Evolving Machine Learning in Non-Stationary Environments: A Unified Survey of Drift, Forgetting, and Adaptation

Abstract

In an era defined by rapid data evolution, traditional Machine Learning (ML) models often struggle to adapt to dynamic environments. Evolving Machine Learning (EML) has emerged as a pivotal paradigm, enabling continuous learning and real-time adaptation to streaming data. While prior surveys have examined individual components of evolving learning - such as drift detection - there remains a lack of a unified analysis of its major challenges. This survey provides a comprehensive overview of EML, focusing on four core challenges: data drift, concept drift, catastrophic forgetting, and skewed learning.
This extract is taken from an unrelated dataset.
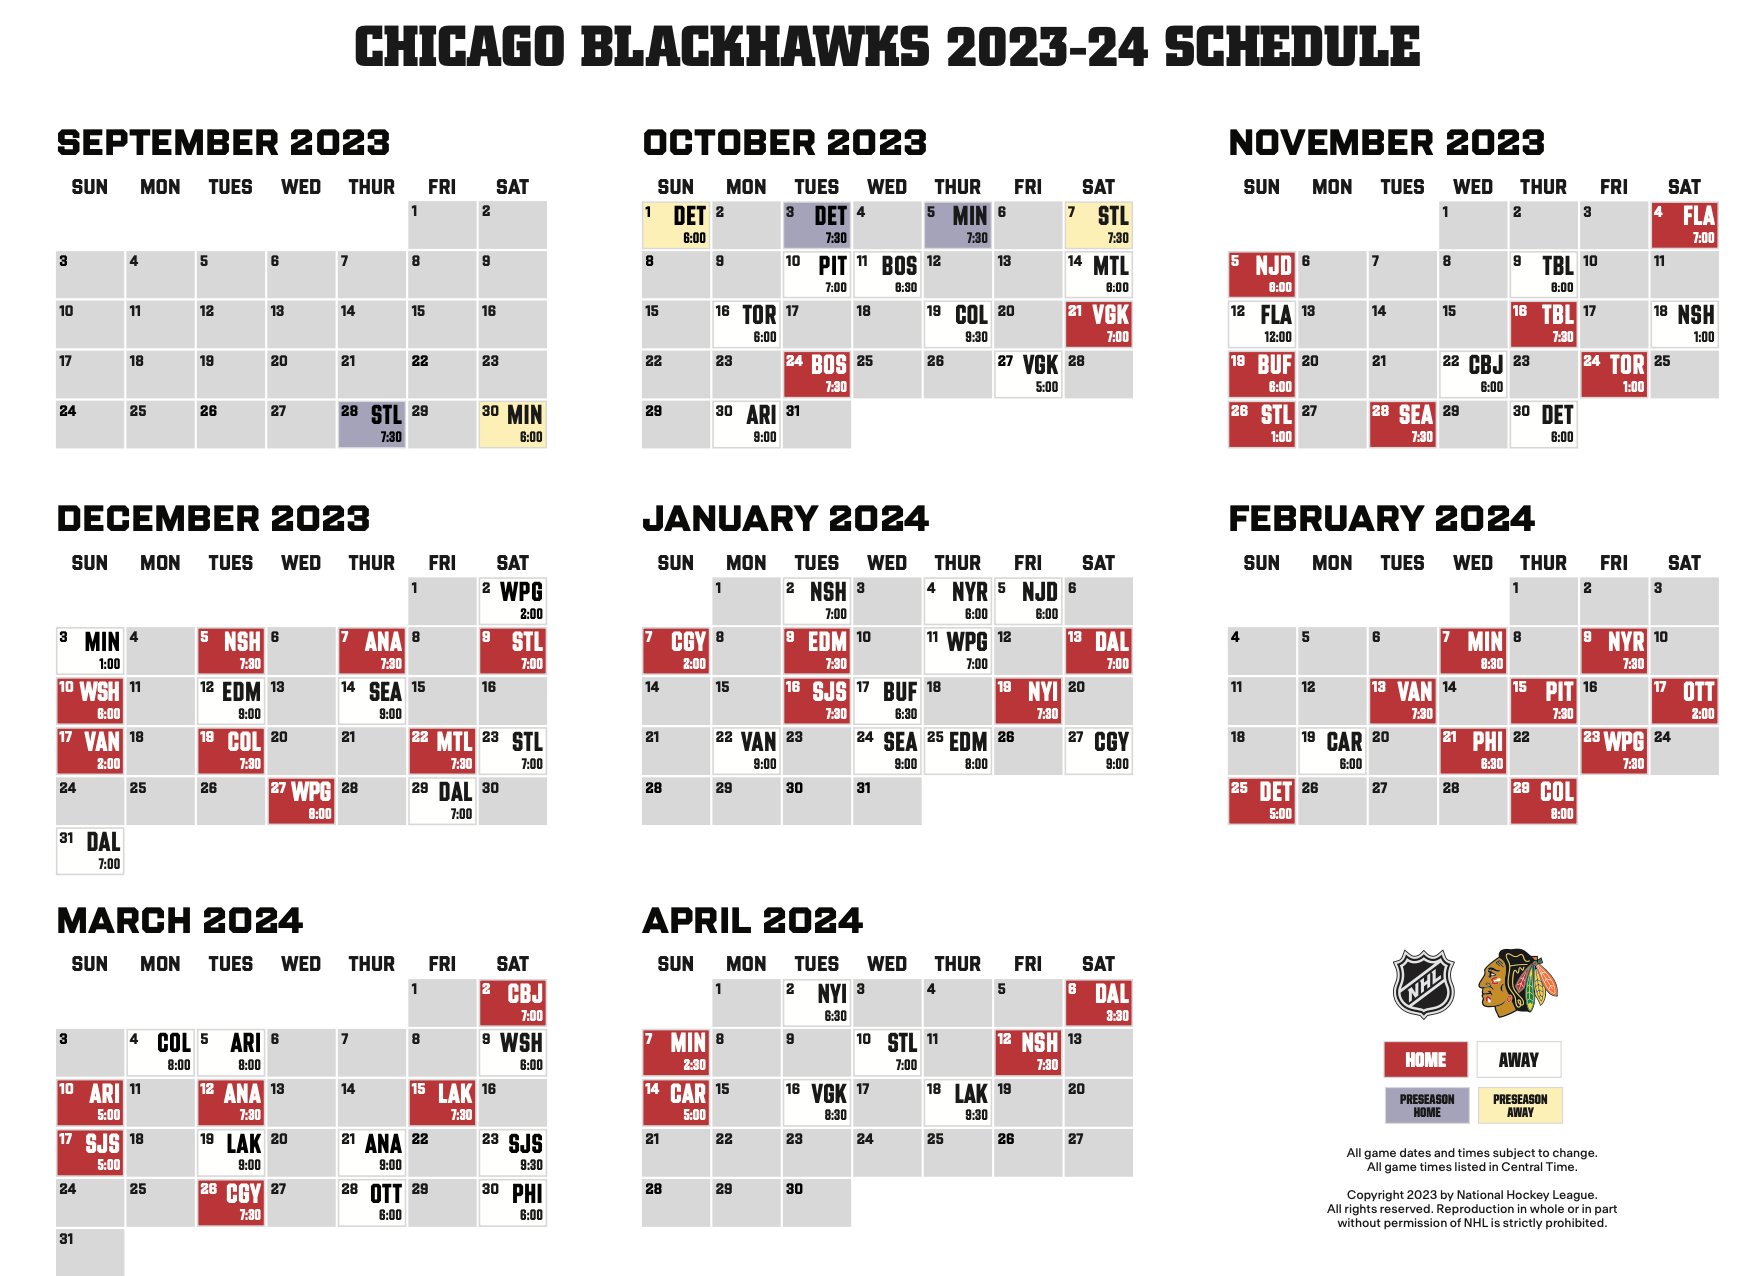 Penguins to open 2023-24 season against Blackhawks

We systematically review over 100 studies, categorizing state-of-the-art methods across supervised, unsupervised, and semi-supervised learning. The survey further explores evaluation metrics, benchmark datasets, and real-world applications, offering a comparative perspective on the effectiveness and limitations of current approaches and proposing a taxonomy to organize them. In addition, we highlight the growing role of adaptive neural architectures, meta-learning, and ensemble strategies in managing evolving data complexities. By synthesizing insights from recent literature, this work not only maps the current landscape of EML but also identifies key research gaps and emerging opportunities. Our findings aim to guide researchers and practitioners in developing robust, ethical, and scalable EML systems for real-world deployment.